Late night discontent
So, life hasn't been going well. Rose left me, my place was a mess, and the power was out. For the first time in a very long time, I had nothing to do. Too lucid to fall asleep, I did the thing I've long been avoiding: I thought.
Been a while since I've done that. Just taking a look around, cataloging the physical surroundings, finding them a jumbled mess that would make Marie Kondo faint. The contents of my mind weren't better off either. A Gordian knot of tangled plans, unresolved business, and exasperating indecision.
At this time of night, my stomach was empty and my mind full. Too full. By the candle light, I started writing on my legal pad.

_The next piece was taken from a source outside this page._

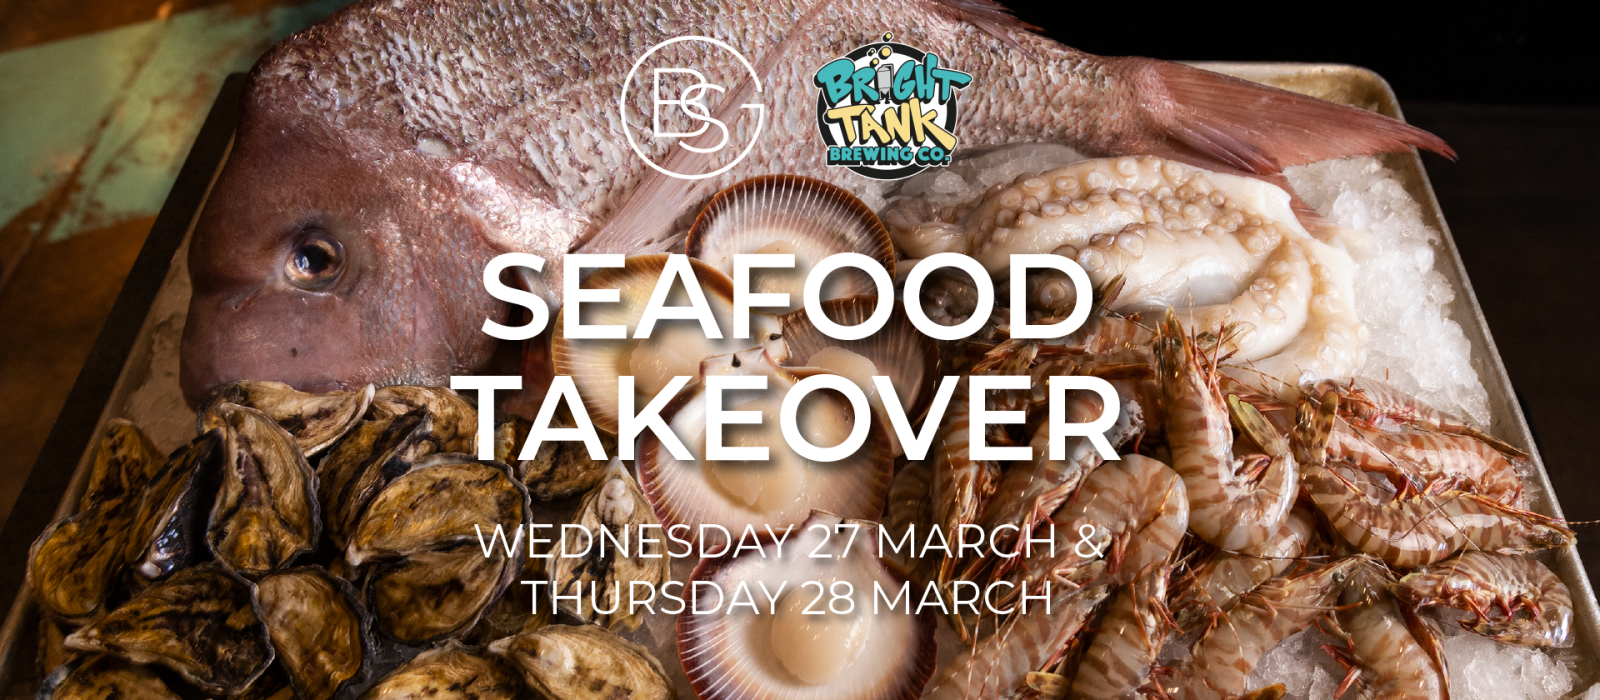 Seafood Takeover at Brown Street Grill

Page after page, I pinned my thoughts down, nailing them to the paper like an archer pinning an apple to a target behind it with his arrow, just barely missing the person, standing there with gritted teeth. There were so many thoughts-apples in fact, it felt like I was the archer in an orchard.
It took a while, but eventually my mind stilled. I had my thoughts in front of me. And what a mess they were.

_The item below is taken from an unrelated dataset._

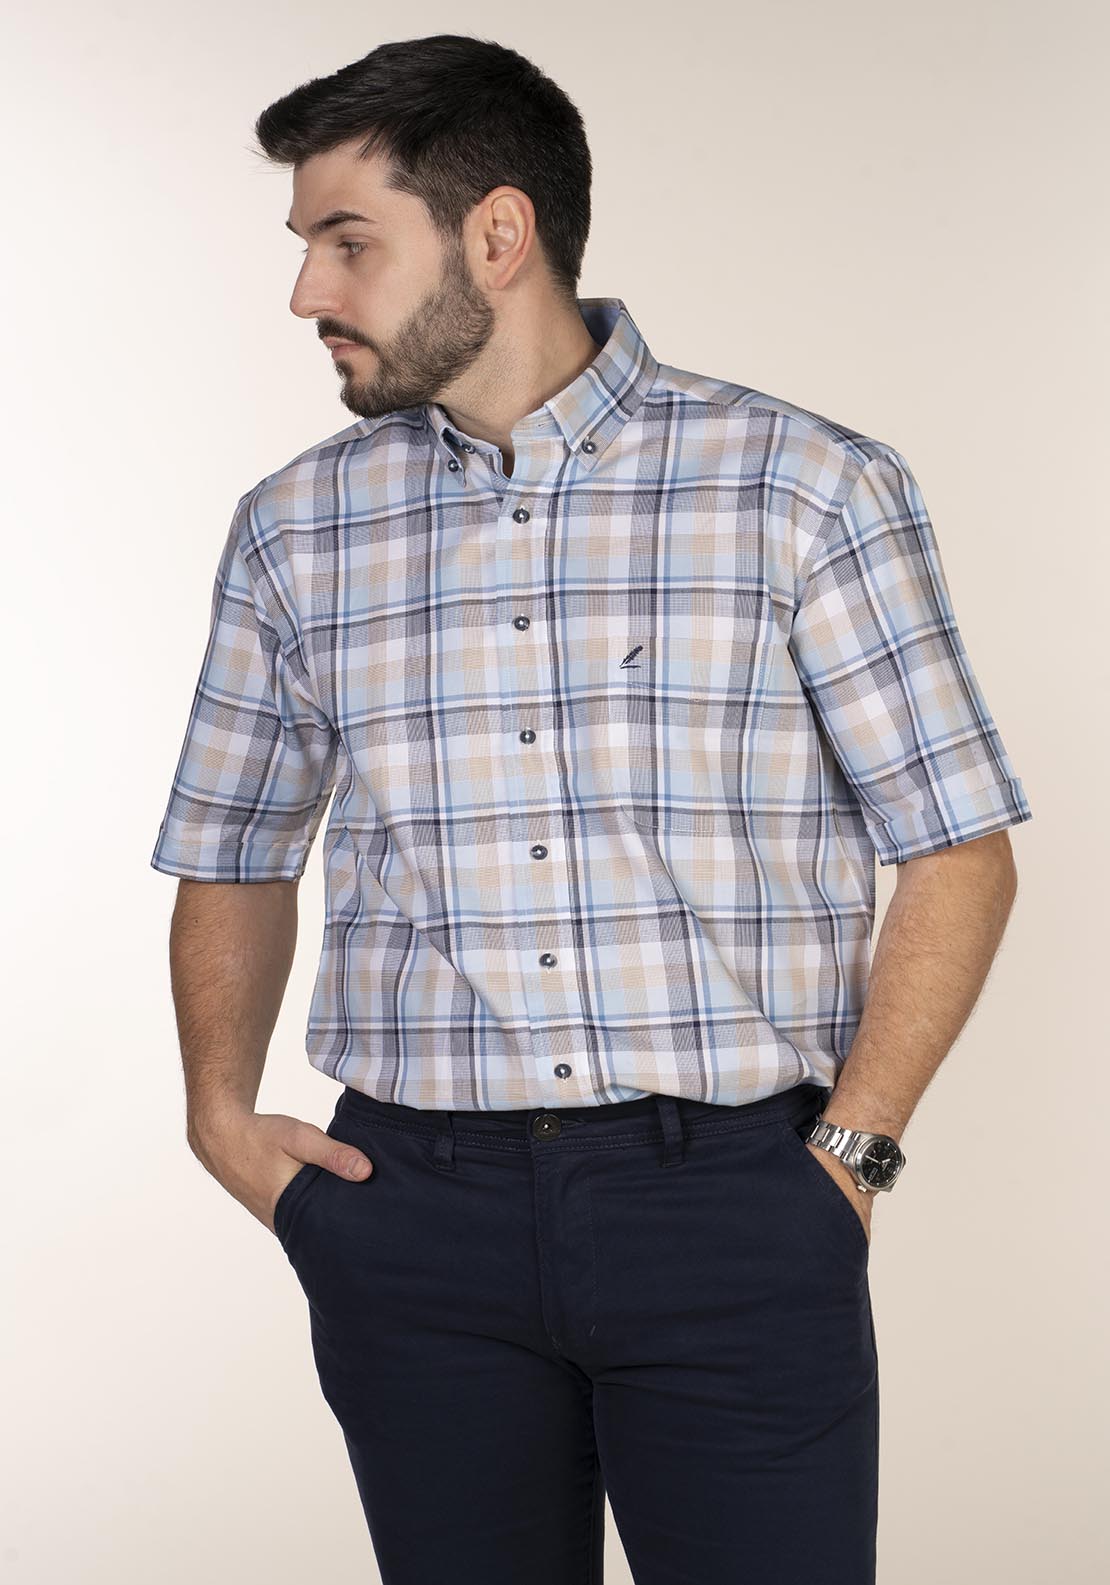 Yeats Casual Check Short Sleeve Shirt - Blue 2 Shaws Department Stores

But as I stared at them, I started to see what mattered and what needed to change.
It was strange. The lamps outside were out, and it was so late that my solitary candle was the only light visible in the vicinity. Yet, I saw more clearly than I had in months. Like that candle, a flame of possibility and hope burst alight in my mind. I could finally see a glimpse of a different future. A new beginning.
In the case of that night and my personal Gordian knot, the pen proved to be the sword I needed.